## Directions for this task
Transcribe every line below exactly; no image goes into the output.

## Data section
• • • • •

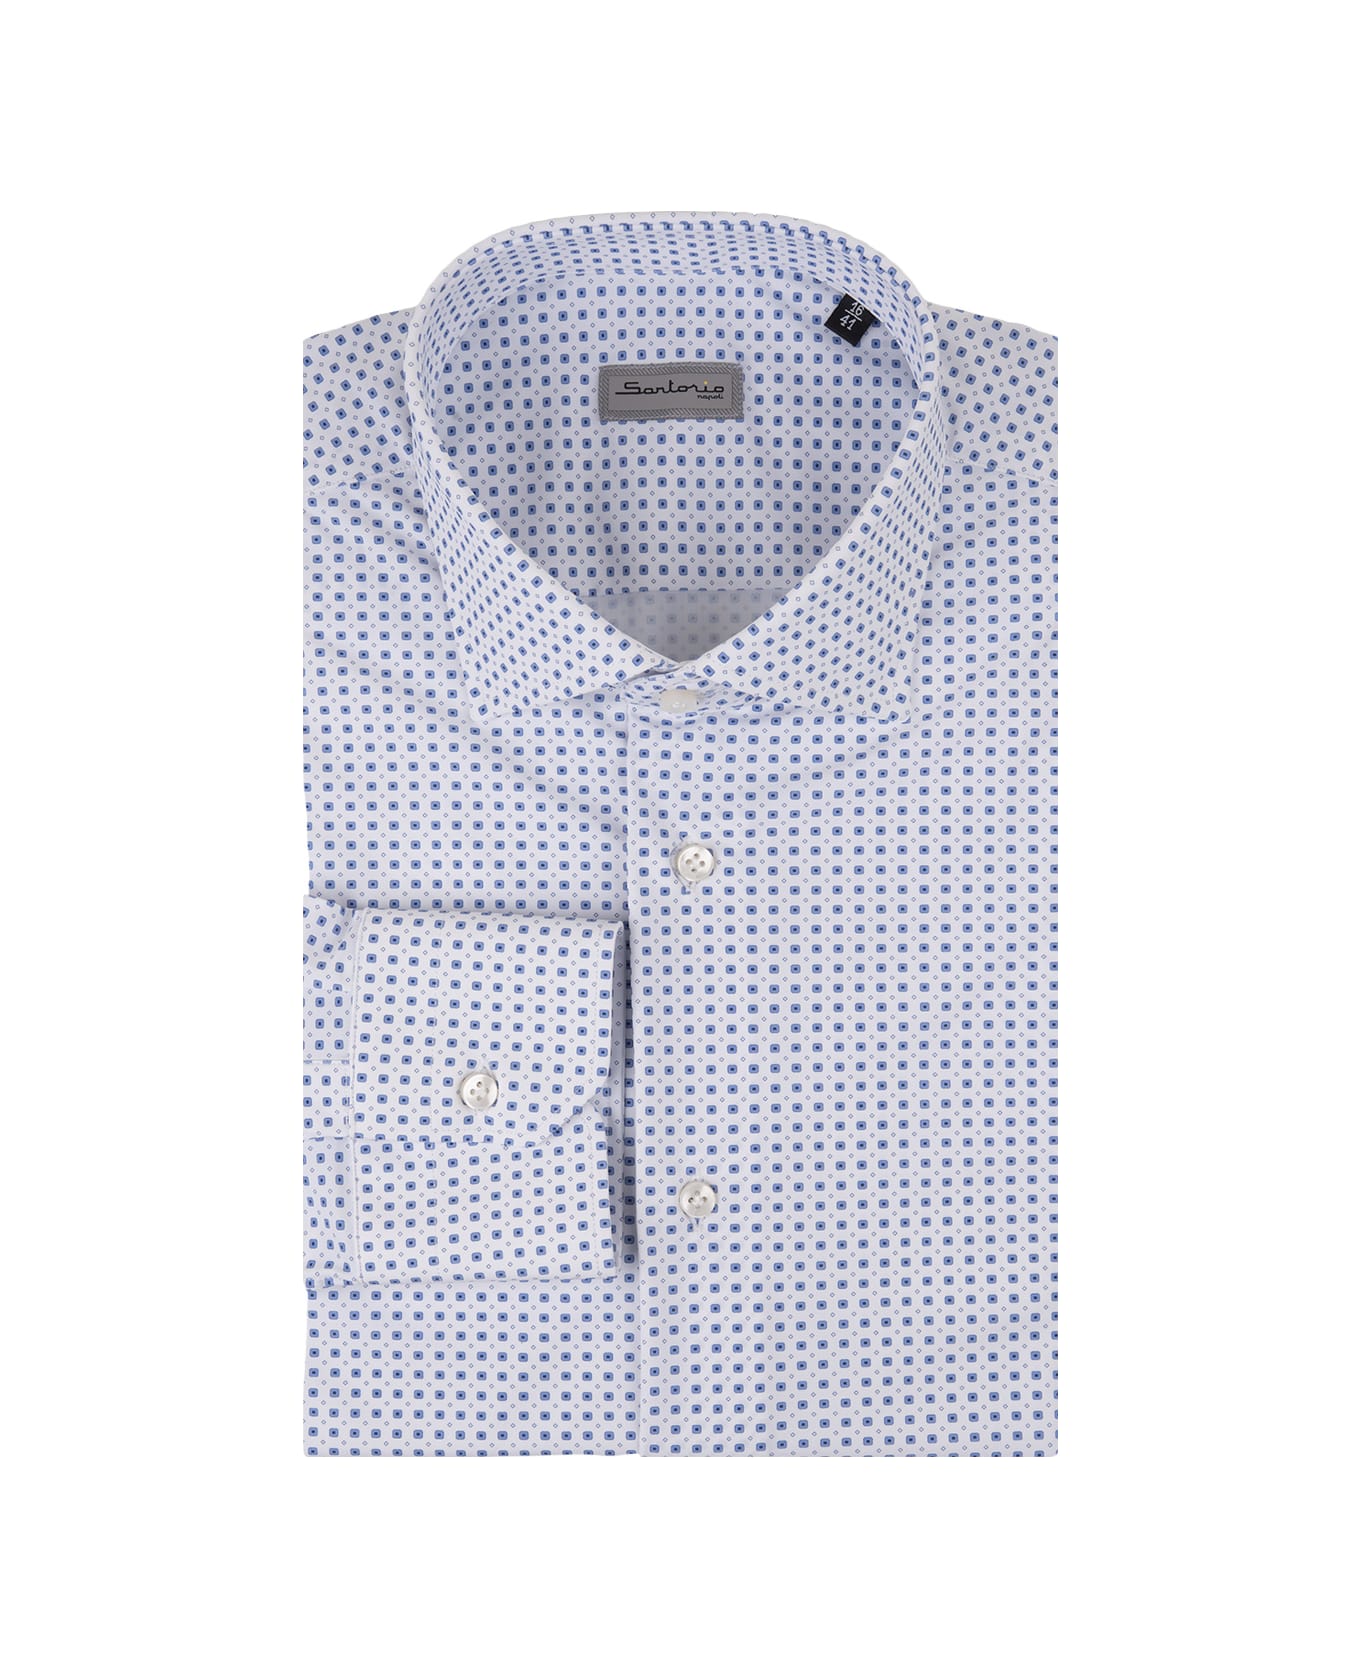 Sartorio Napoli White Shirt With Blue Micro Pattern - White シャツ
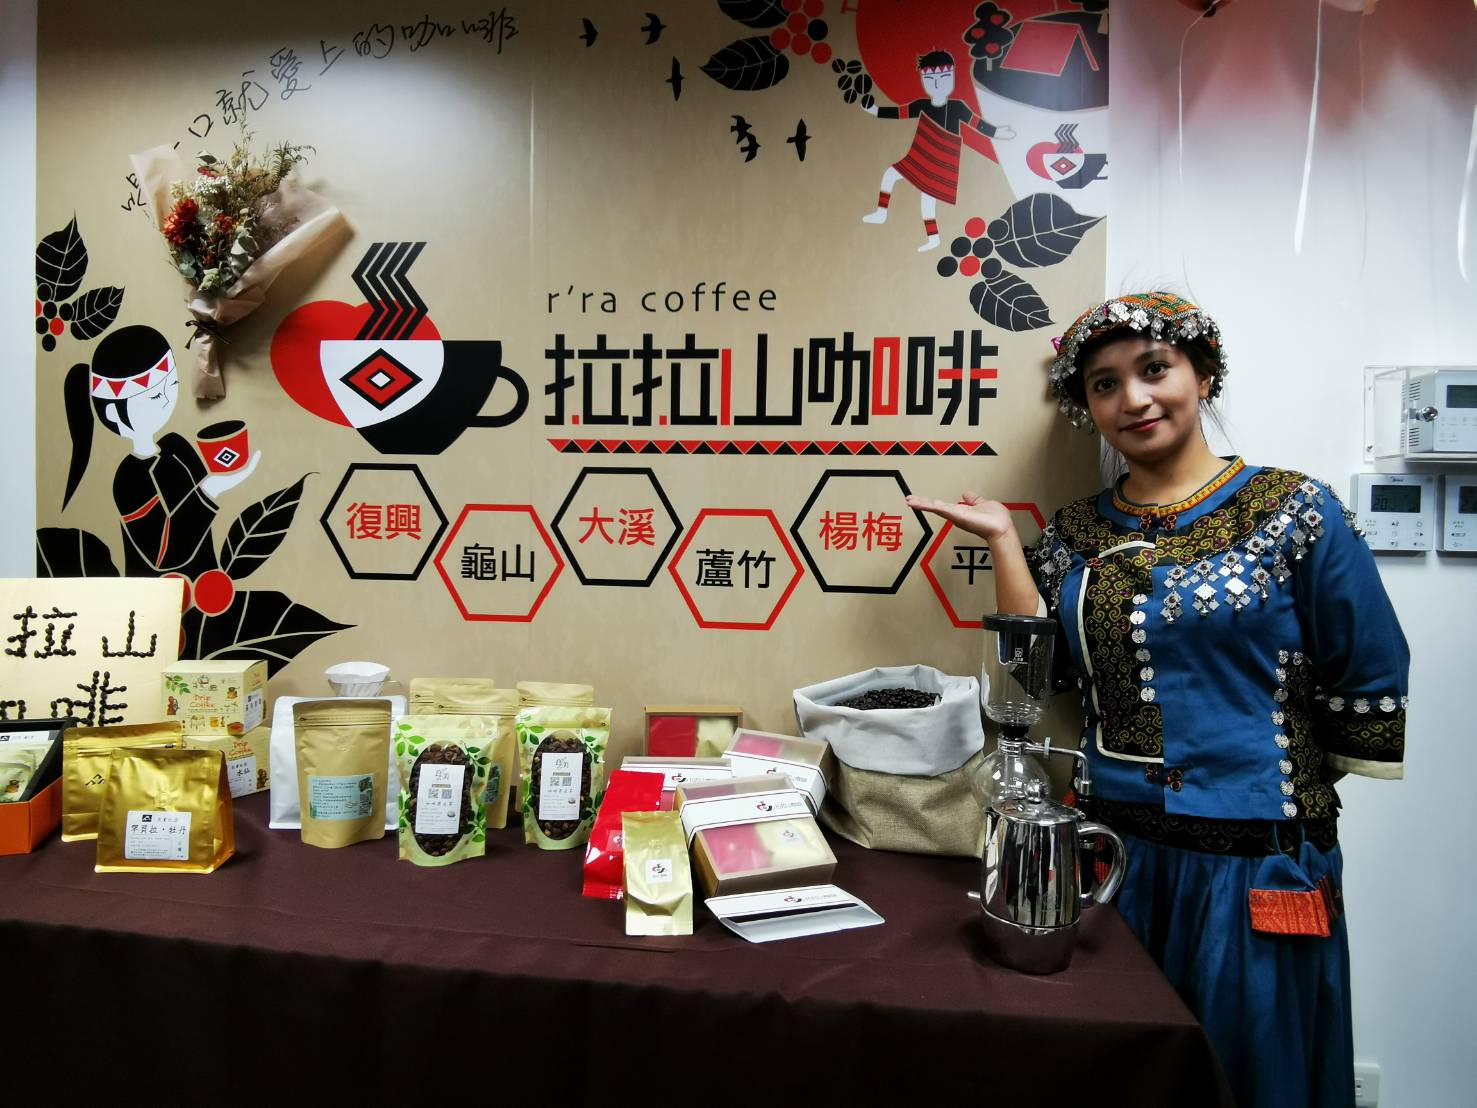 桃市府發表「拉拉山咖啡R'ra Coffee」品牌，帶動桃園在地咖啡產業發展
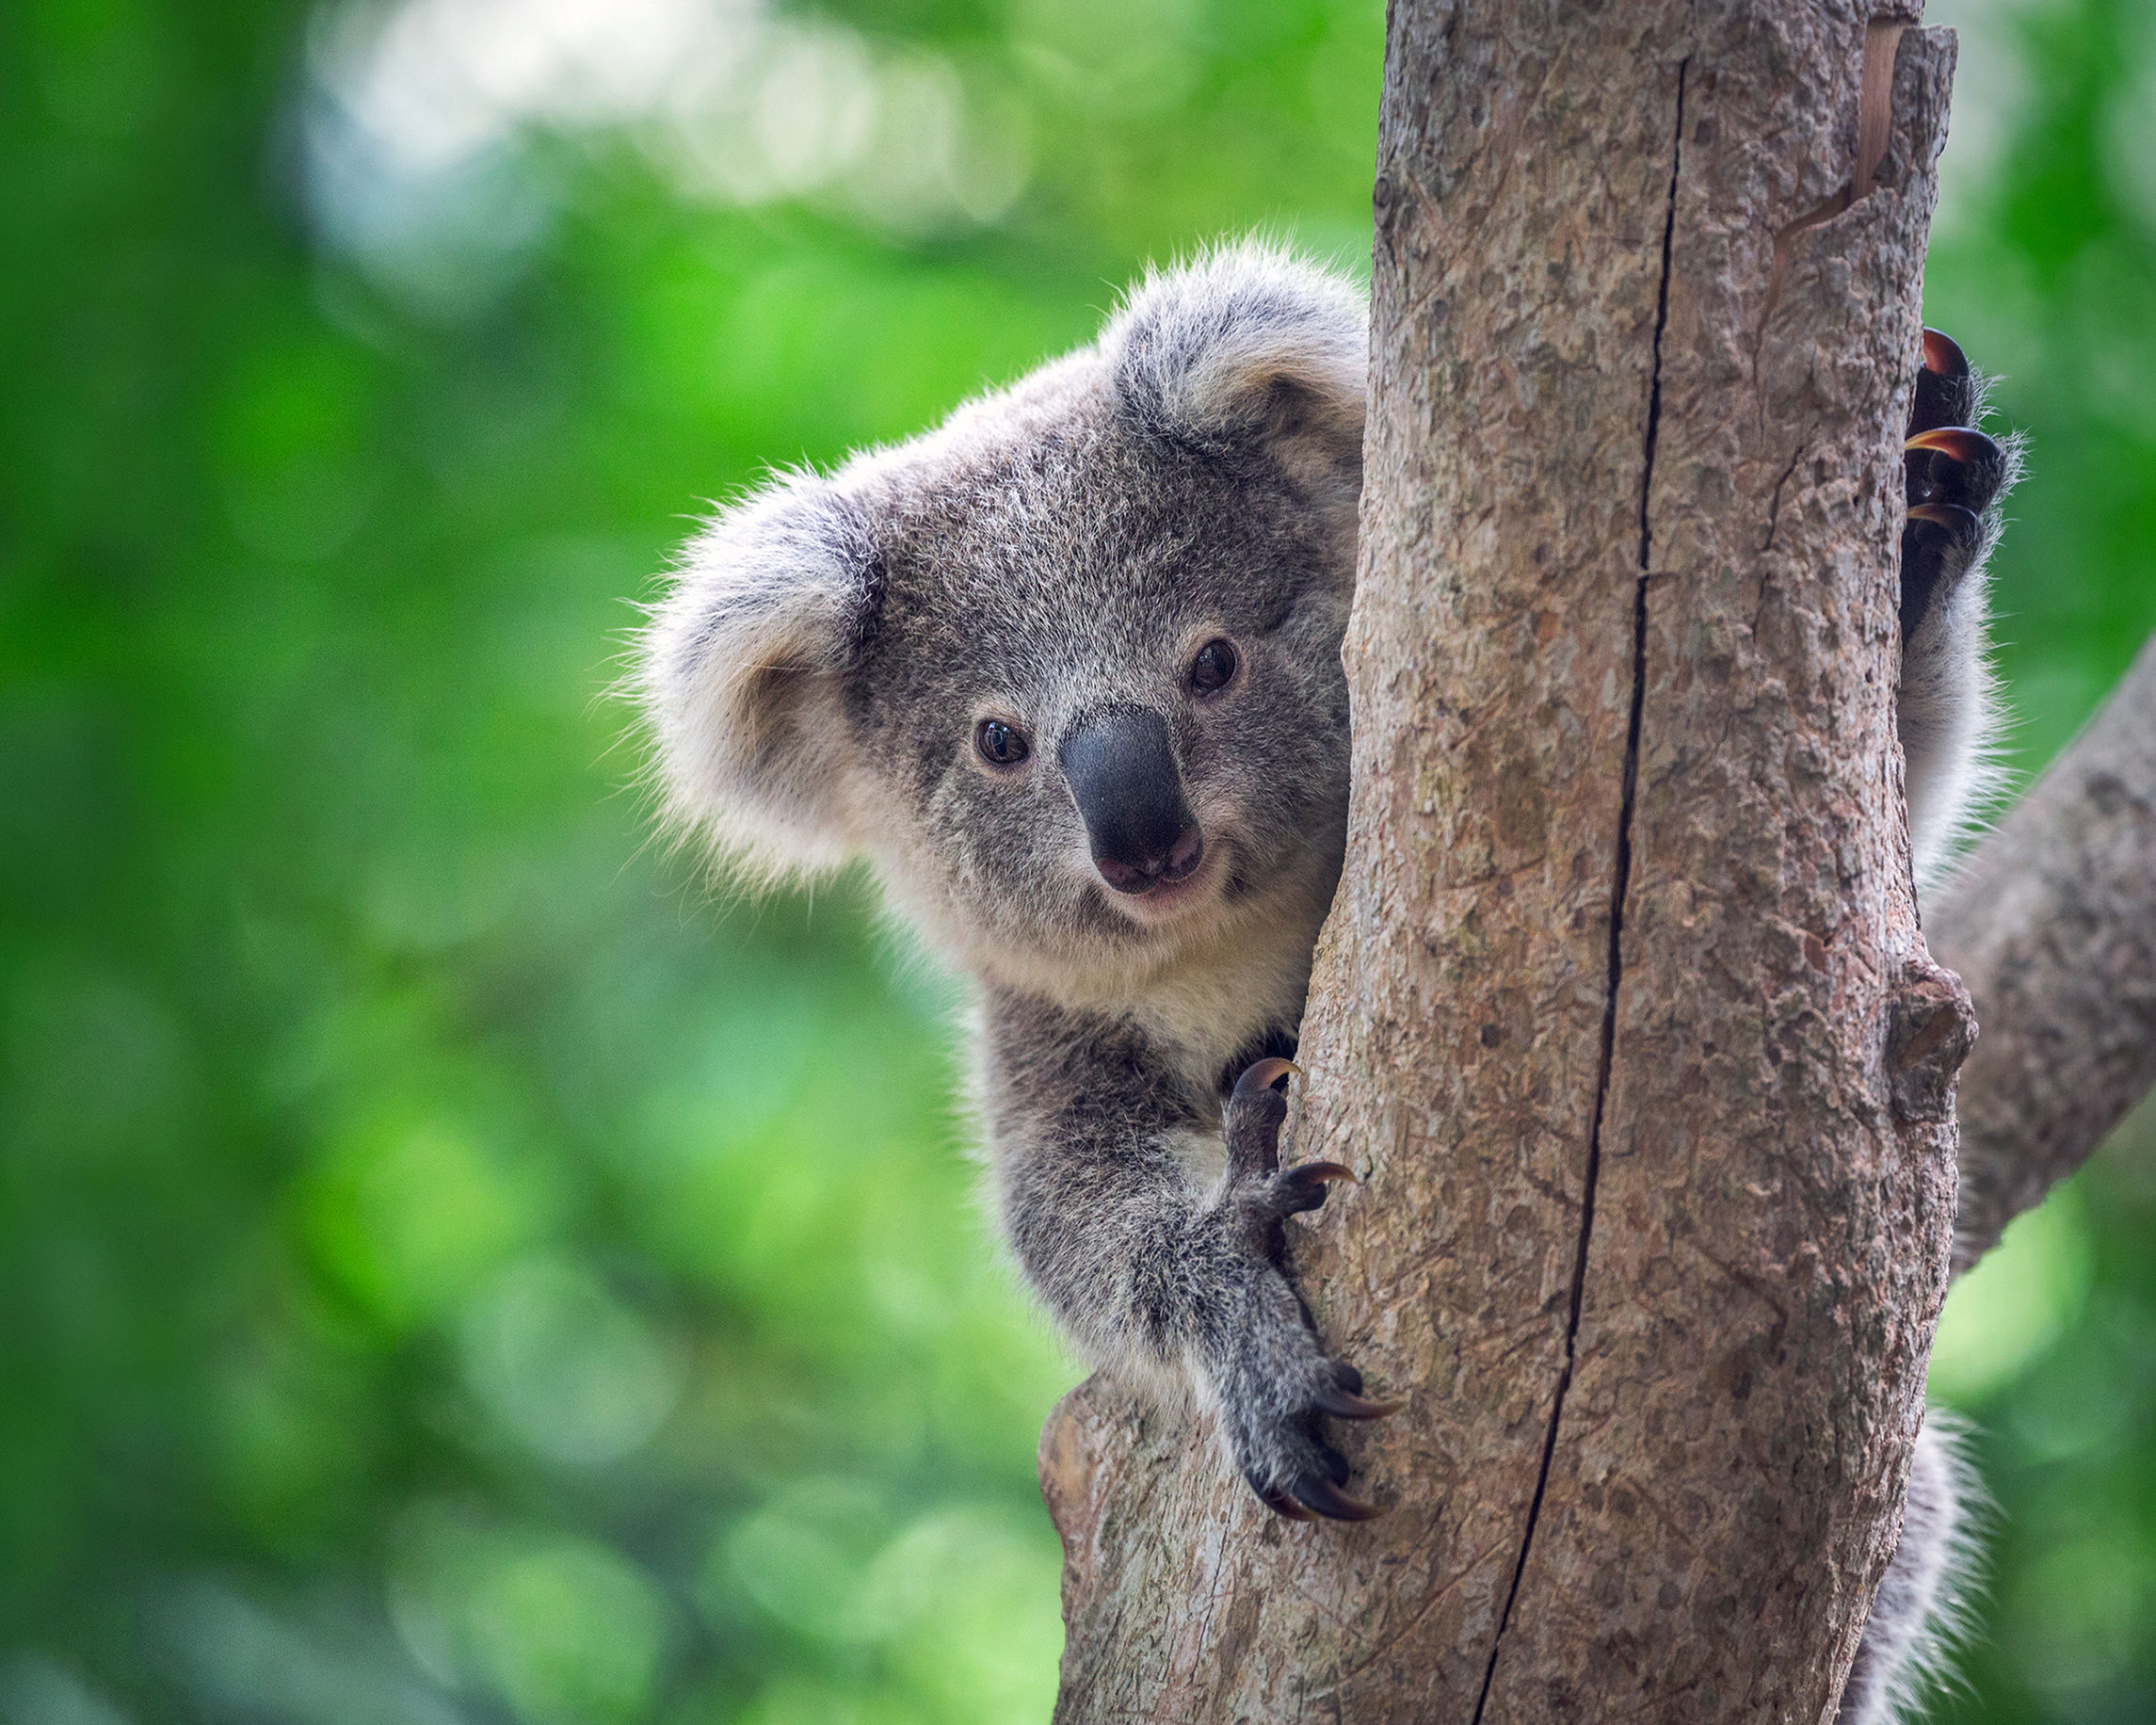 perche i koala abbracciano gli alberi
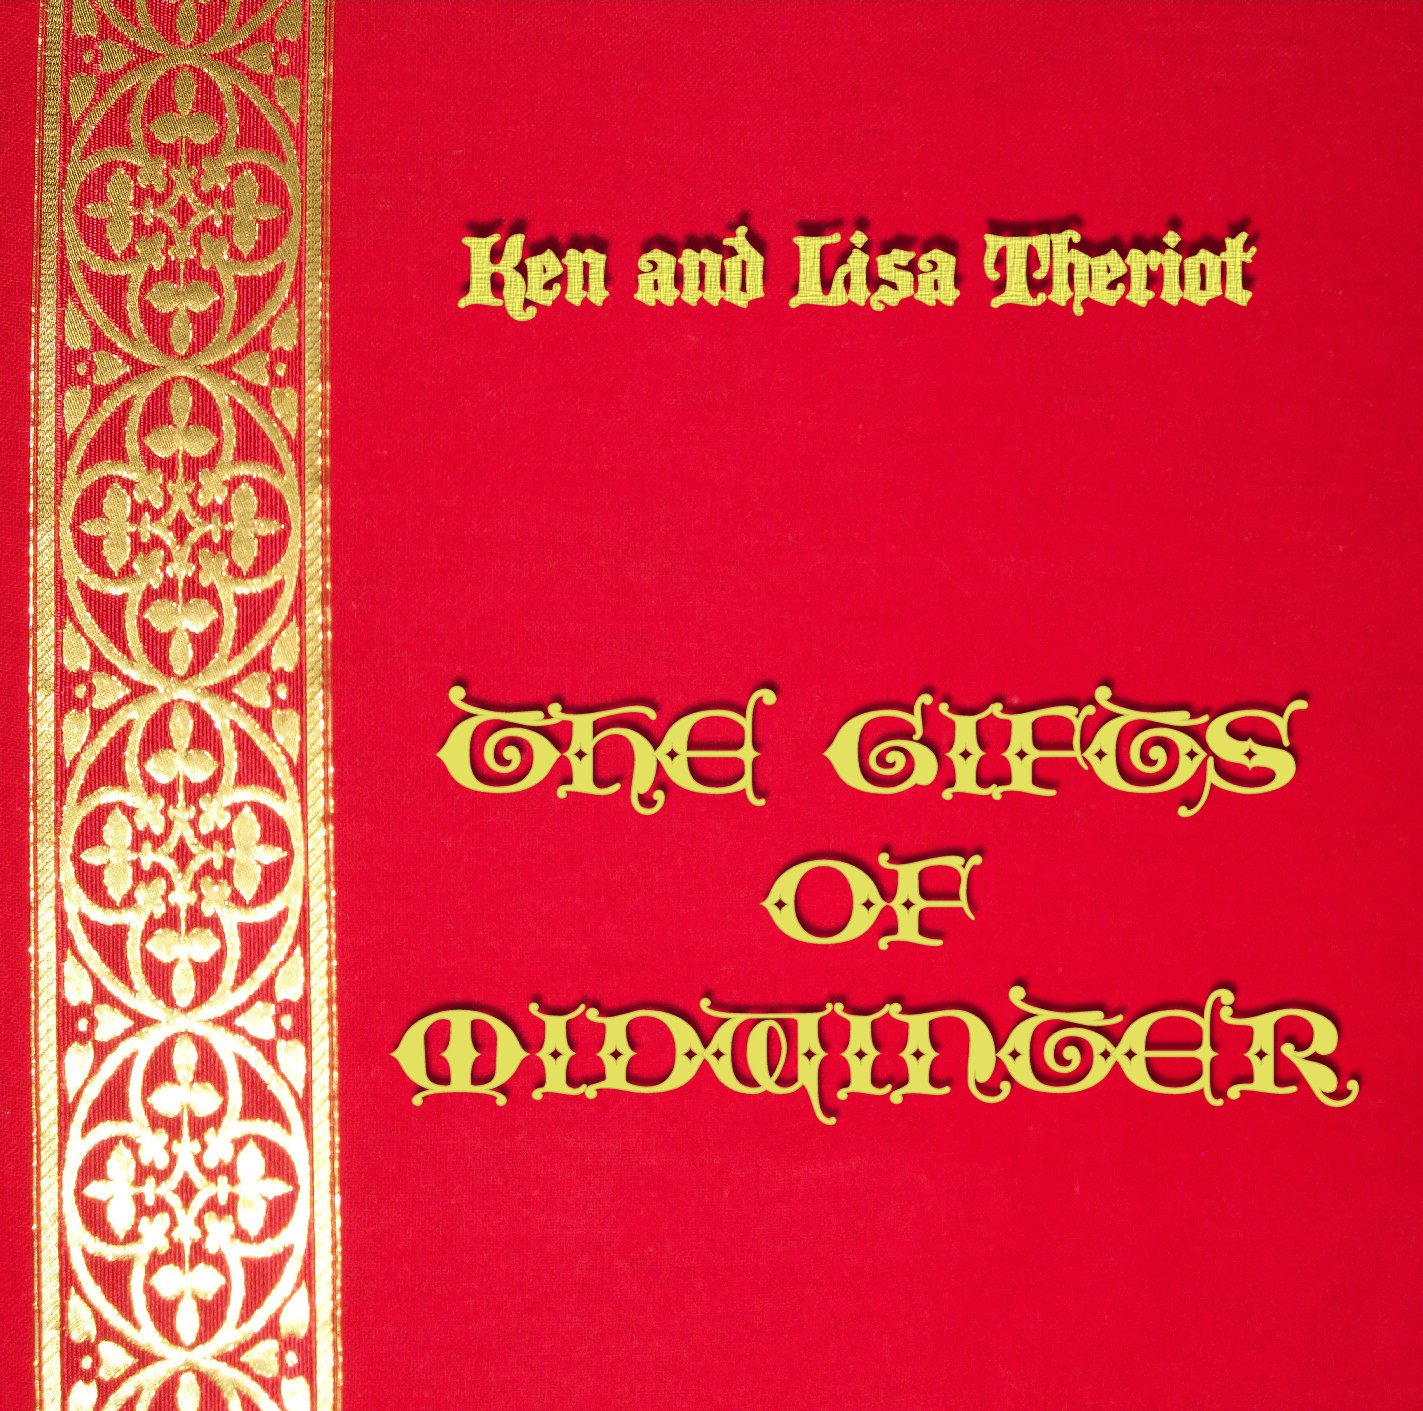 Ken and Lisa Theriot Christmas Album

• • • • •

## Task output
 Sartorio Napoli White Shirt With Blue Micro Pattern - White シャツ
 桃市府發表「拉拉山咖啡R'ra Coffee」品牌，帶動桃園在地咖啡產業發展
 perche i koala abbracciano gli alberi
 Ken and Lisa Theriot Christmas Album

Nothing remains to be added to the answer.